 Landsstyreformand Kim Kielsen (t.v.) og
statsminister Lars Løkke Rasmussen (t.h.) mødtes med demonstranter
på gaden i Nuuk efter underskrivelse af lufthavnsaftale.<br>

++++++++++++++++++++

What the task requires: Nothing but the lines from the one containing "statsminister Lars Løkke" through the last line of the data above should be set down, word for word.

Completed task:
statsminister Lars Løkke Rasmussen (t.h.) mødtes med demonstranter
på gaden i Nuuk efter underskrivelse af lufthavnsaftale.<br>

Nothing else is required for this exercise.